Find the range, variance, standard deviation, coefficient of variation.

Answer to Problem 1PS

The range is $7$ , variance is $8.5$ , standard deviation is $2.92$ , and coefficient of variation is $48.67\%$ .

Explanation of Solution

The formula for range is defined as,

$\text{Range}=X\text{largest}-X\text{smallest}$

In the given data, the largest value is 9, and the smallest value is 2. So, the range is calculated as,

$\begin{array}{c}\text{Range}=9-2\\ =7\end{array}$

Thus, the range is 7.

The formula for sample variance is defined as,

$S^2=\frac{{\displaystyle \sum _{i=1}^n{\left(X_i-\overline{X}\right)}^2}}{n-1}$

The sample mean of the data is obtained as 6 in part (a). So, $\overline{X}=6$ and $n=5$ . Use this to calculate the variance as shown below.

$\begin{array}{c}{S}^2=\frac{{\left(7-6\right)}^2+{\left(4-6\right)}^2+{\left(9-6\right)}^2+{\left(8-6\right)}^2+{\left(2-6\right)}^2}{5-1}\\ =\frac{34}{4}\\ =8.5\end{array}$

Thus, the variance is $8.5$ .

The standard deviation is the square root of the variance. So, the sample standard deviation is calculated as,

$\begin{array}{c}S=\sqrt{8.5}\\ \approx 2.92\end{array}$

Thus, the standard deviation is $2.92$ .

The formula for coefficient of variation is defined as,

$CV=\left(\frac{S}{\overline{X}}\right)100\%$

Substitute the obtained values of $S=2.92,\overline{X}=6$ in the formula to calculate the coefficient of variation. So,

$\begin{array}{c}CV=\left(\frac{2.92}{6}\right)100\%\\ =48.67\%\end{array}$

Thus, the coefficient of variation is $48.67\%$ .

Therefore, the range is $7$ , variance is $8.5$ , standard deviation is $2.92$ , and coefficient of variation is $48.67\%$ .

To determine

Find the Z scores and determine if there are any outliers.

Answer to Problem 1PS

The Z scores are,

$\begin{array}{cc}X& Z\text{ score}\\ 7& 0.34\\ 4& -0.68\\ 9& 1.03\\ 8& 0.68\\ 2& -1.37\end{array}$

There are no outliers in the data set.

Explanation of Solution

The formula for Z score is defined as,

$Z=\frac{X-\overline{X}}{S}$

Use this formula and the obtained values $S=2.92,\overline{X}=6$ to calculate the Z scores for all the values of the data set.
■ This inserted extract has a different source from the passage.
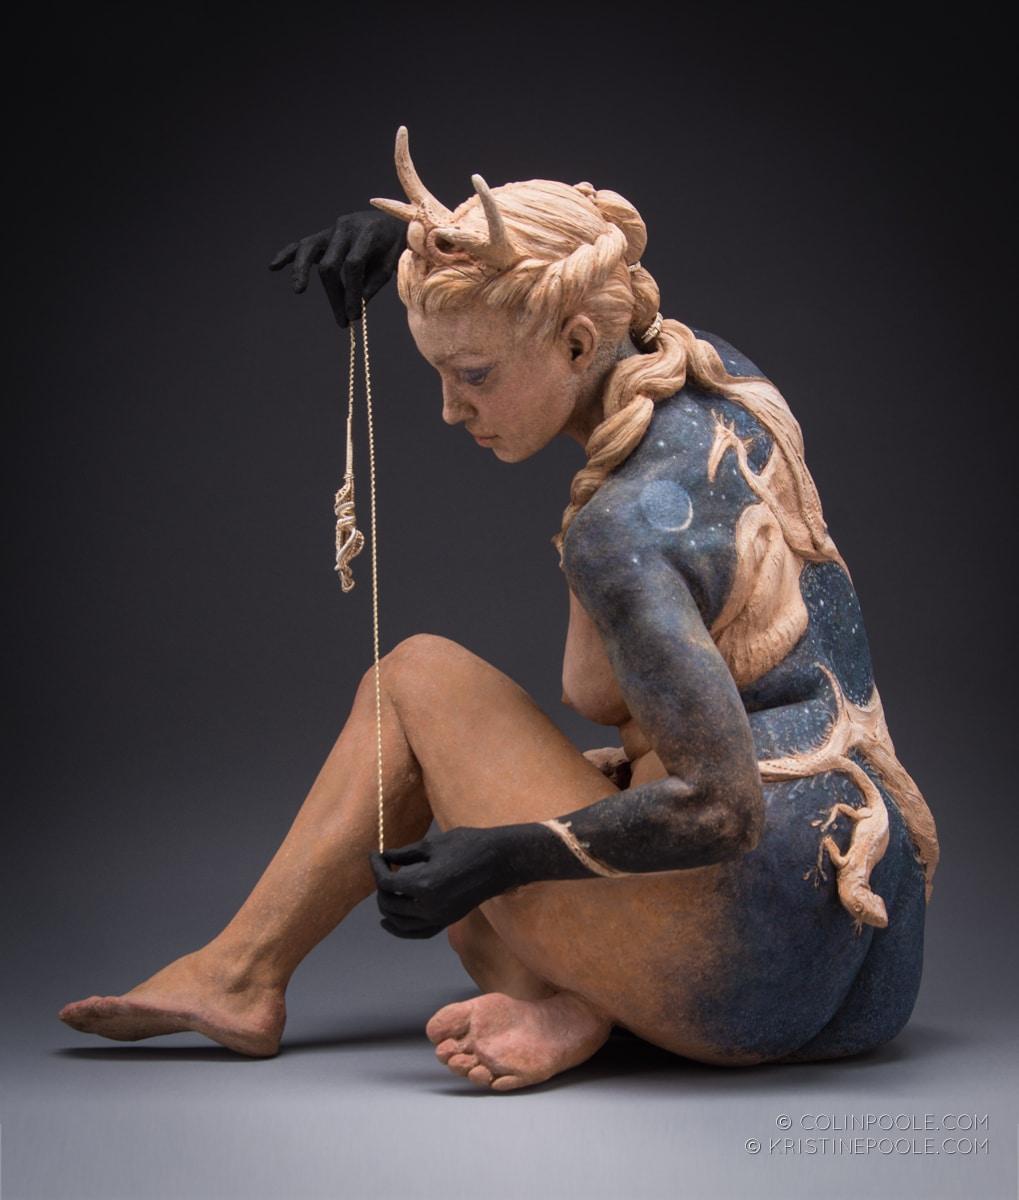 Beautiful-Bizarre-Art-Prize-Kristine-and-Colin-Poole.jpg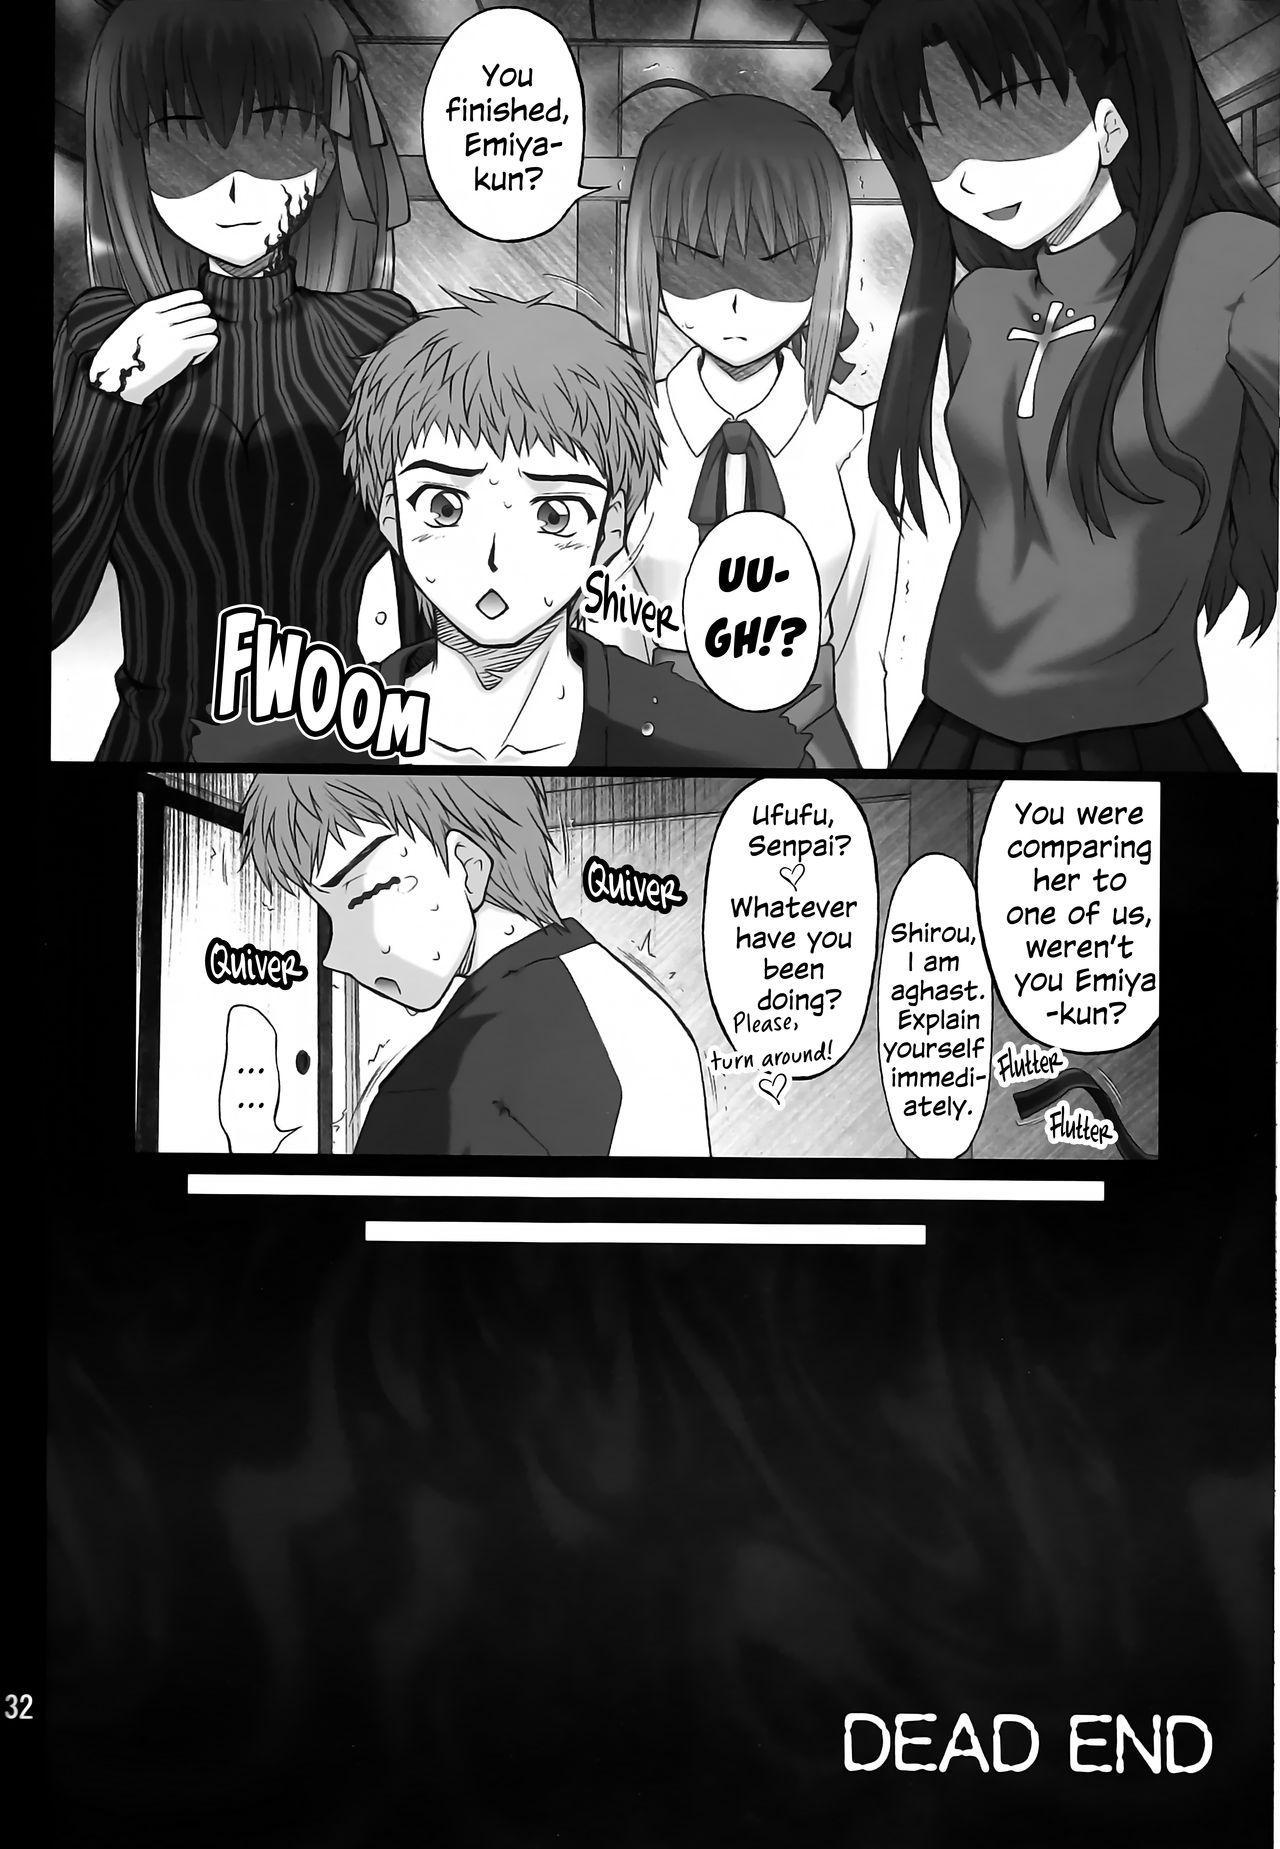 (COMIC1) [PURIMONO (Goyac)] Nekotora -Nekoka no Onee-san wa Suki desu ka?- | Cat Tiger: Do you like feline big sisters? Fate/Stay Afternoon (Fate/stay night) [English] [EHCOVE] 30

So, the Z scores are calculated as,

$\begin{array}{cc}X& Z=\frac{X-6}{2.92}\\ 7& 0.34\\ 4& -0.68\\ 9& 1.03\\ 8& 0.68\\ 2& -1.37\end{array}$

The largest Z score is $1.08$ which corresponds to the value 9. The smallest Z score is $-1.37$ which corresponds to the value 2. The Z scores show that none of the Z scores is less than $-3.0$ or greater than $+3.0$ and, hence, there are no potential outliers.

To determine

Explain the shape of the data set.

Answer to Problem 1PS

The distribution of data is negative or left-skewed.

Explanation of Solution

The mean is obtained as $6$ , and the median is obtained as $7$ in part (a). The distribution of the data is said to be left skewed if mean is less than median.

Here the mean value (6) is less than the median value (7). So, the data distribution is negative or left-skewed distribution.